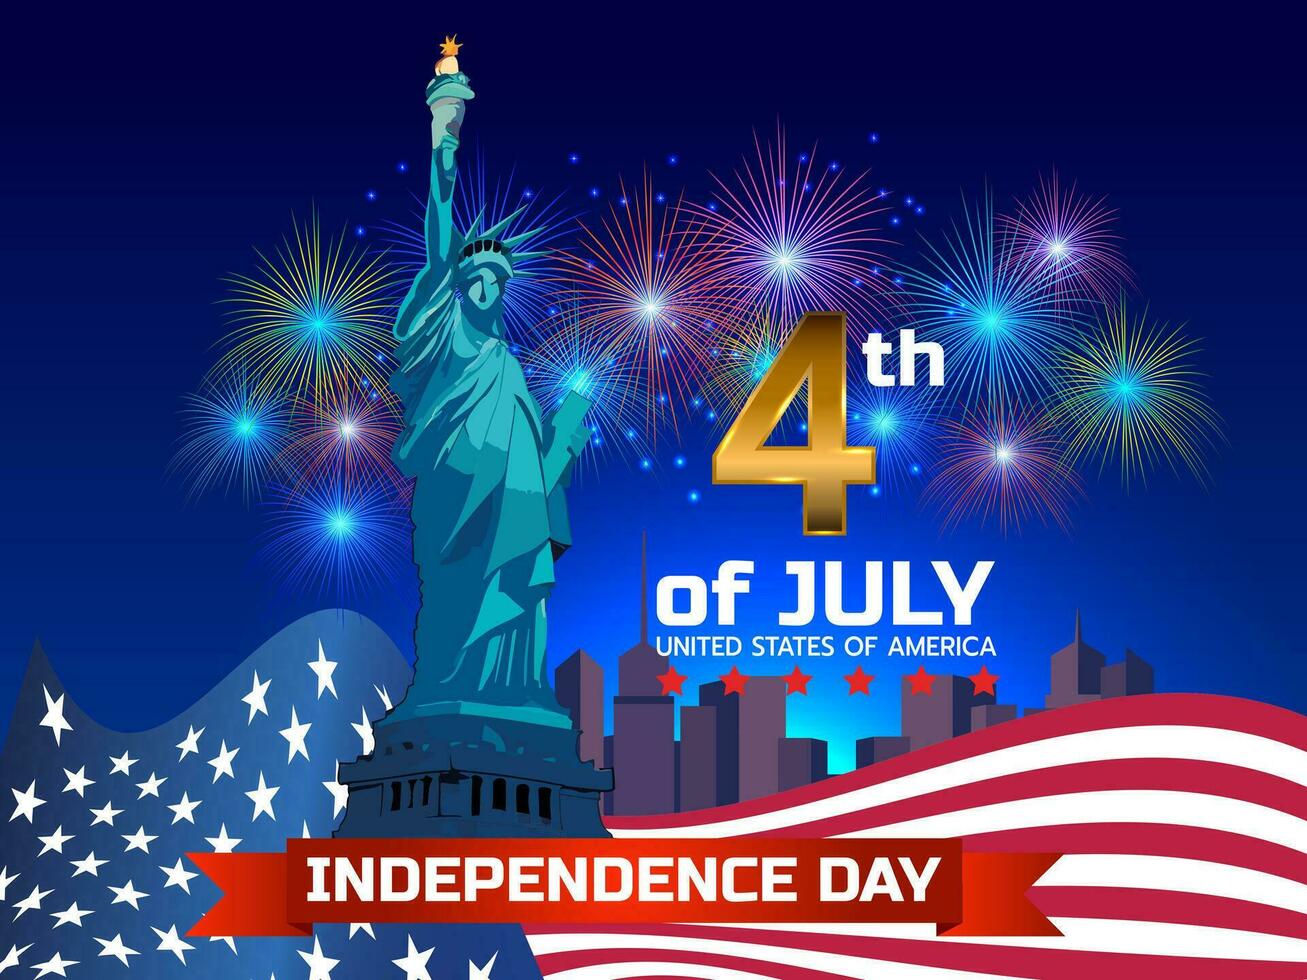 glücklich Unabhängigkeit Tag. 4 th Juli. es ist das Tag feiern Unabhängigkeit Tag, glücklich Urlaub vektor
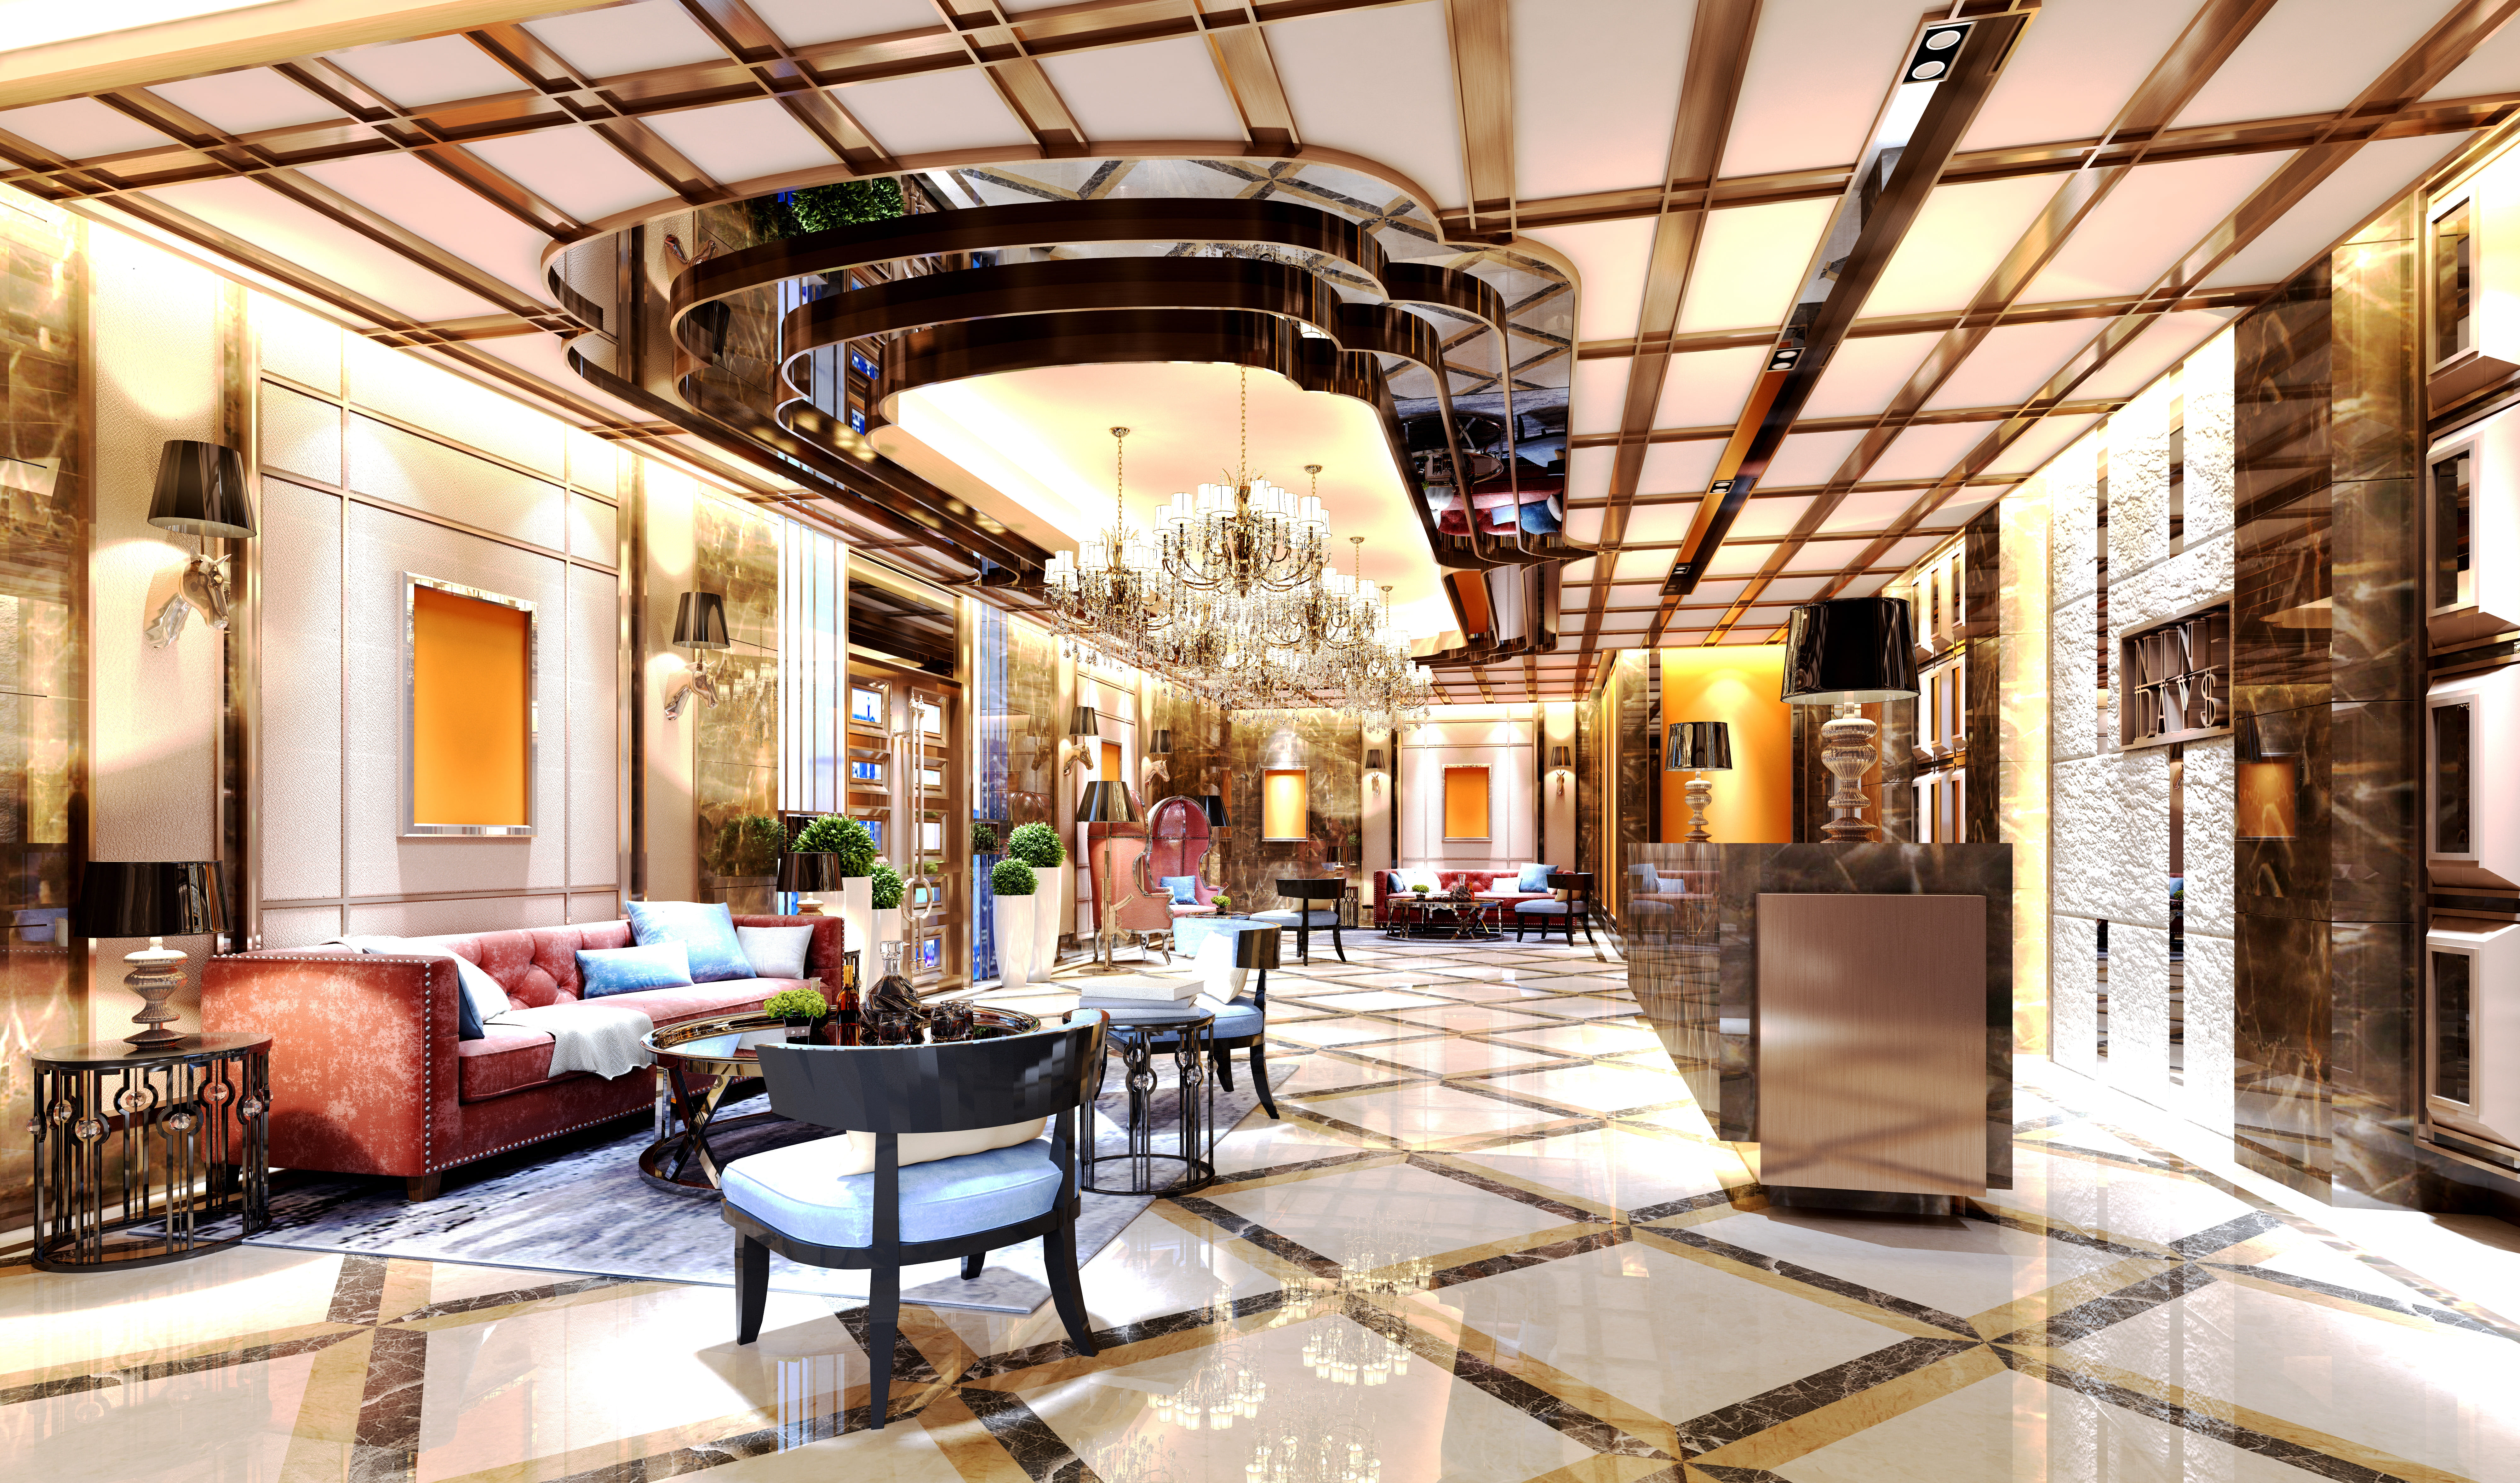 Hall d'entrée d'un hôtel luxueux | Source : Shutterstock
...
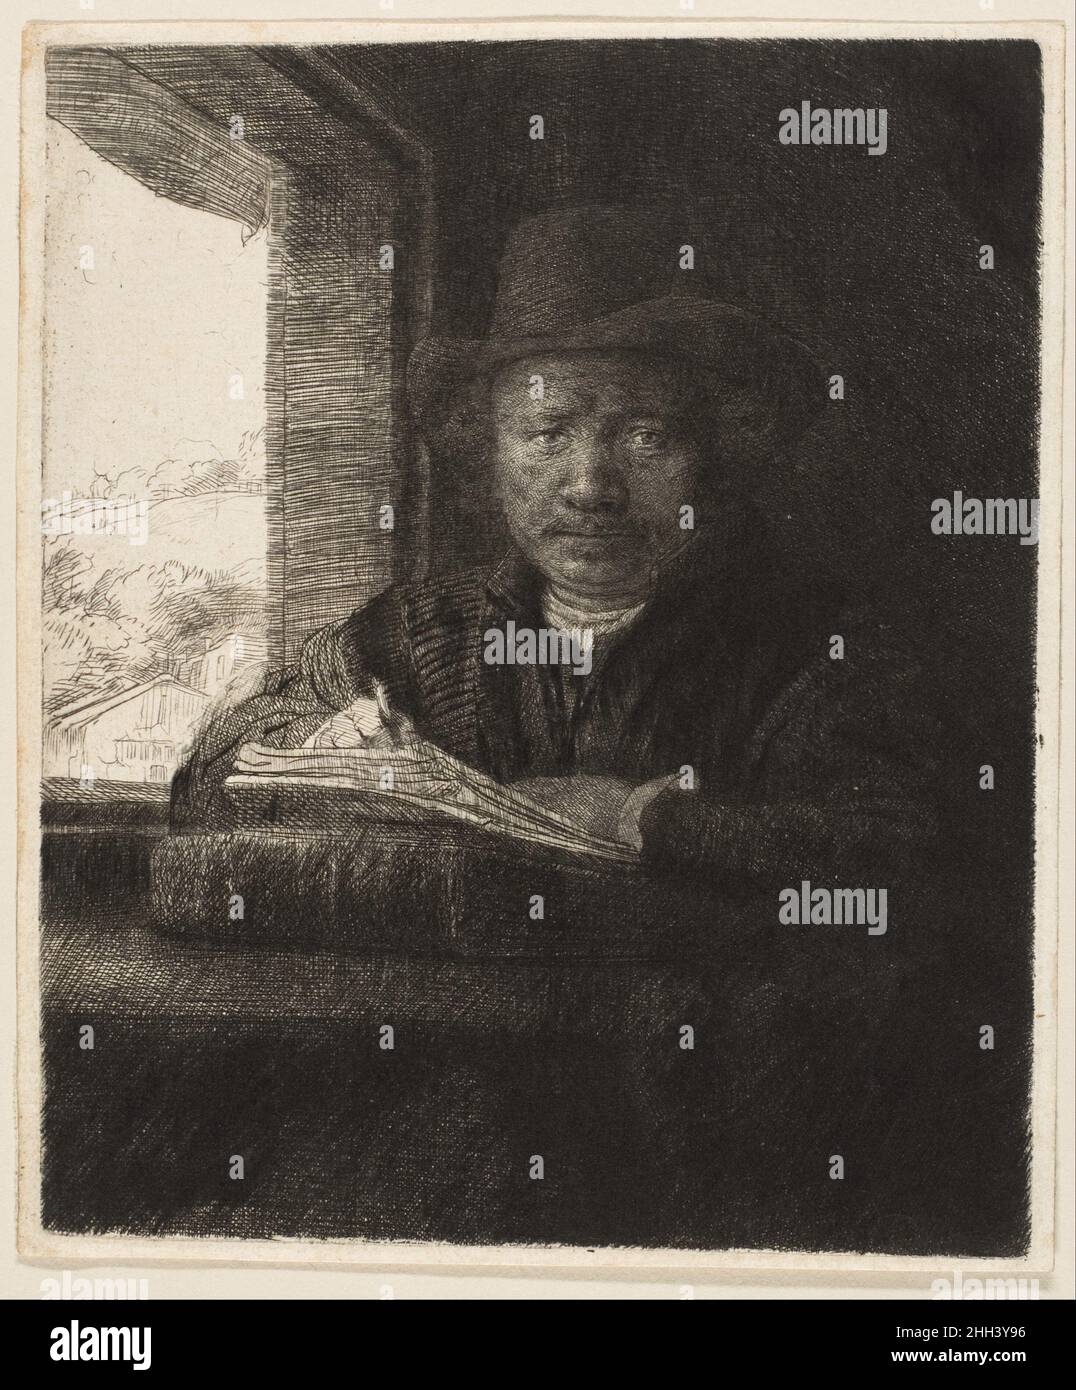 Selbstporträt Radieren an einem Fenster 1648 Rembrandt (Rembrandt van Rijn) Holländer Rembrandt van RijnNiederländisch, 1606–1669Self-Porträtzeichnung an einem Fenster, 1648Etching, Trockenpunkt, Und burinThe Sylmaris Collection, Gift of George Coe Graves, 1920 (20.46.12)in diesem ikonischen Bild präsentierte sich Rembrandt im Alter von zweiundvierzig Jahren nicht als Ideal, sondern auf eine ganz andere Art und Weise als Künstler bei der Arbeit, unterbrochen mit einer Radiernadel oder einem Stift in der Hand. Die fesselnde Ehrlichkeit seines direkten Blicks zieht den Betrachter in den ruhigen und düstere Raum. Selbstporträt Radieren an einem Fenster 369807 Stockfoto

[Work task] Given the records above, return the lines starting at the one that holds "glücklich Unabhängigkeit Tag." and ending at the one that holds "Hall d'entrée d'un", exactly, and nothing besides; leave every picture out.

[Exercise response]
 glücklich Unabhängigkeit Tag. 4 th Juli. es ist das Tag feiern Unabhängigkeit Tag, glücklich Urlaub vektor
 Hall d'entrée d'un hôtel luxueux | Source : Shutterstock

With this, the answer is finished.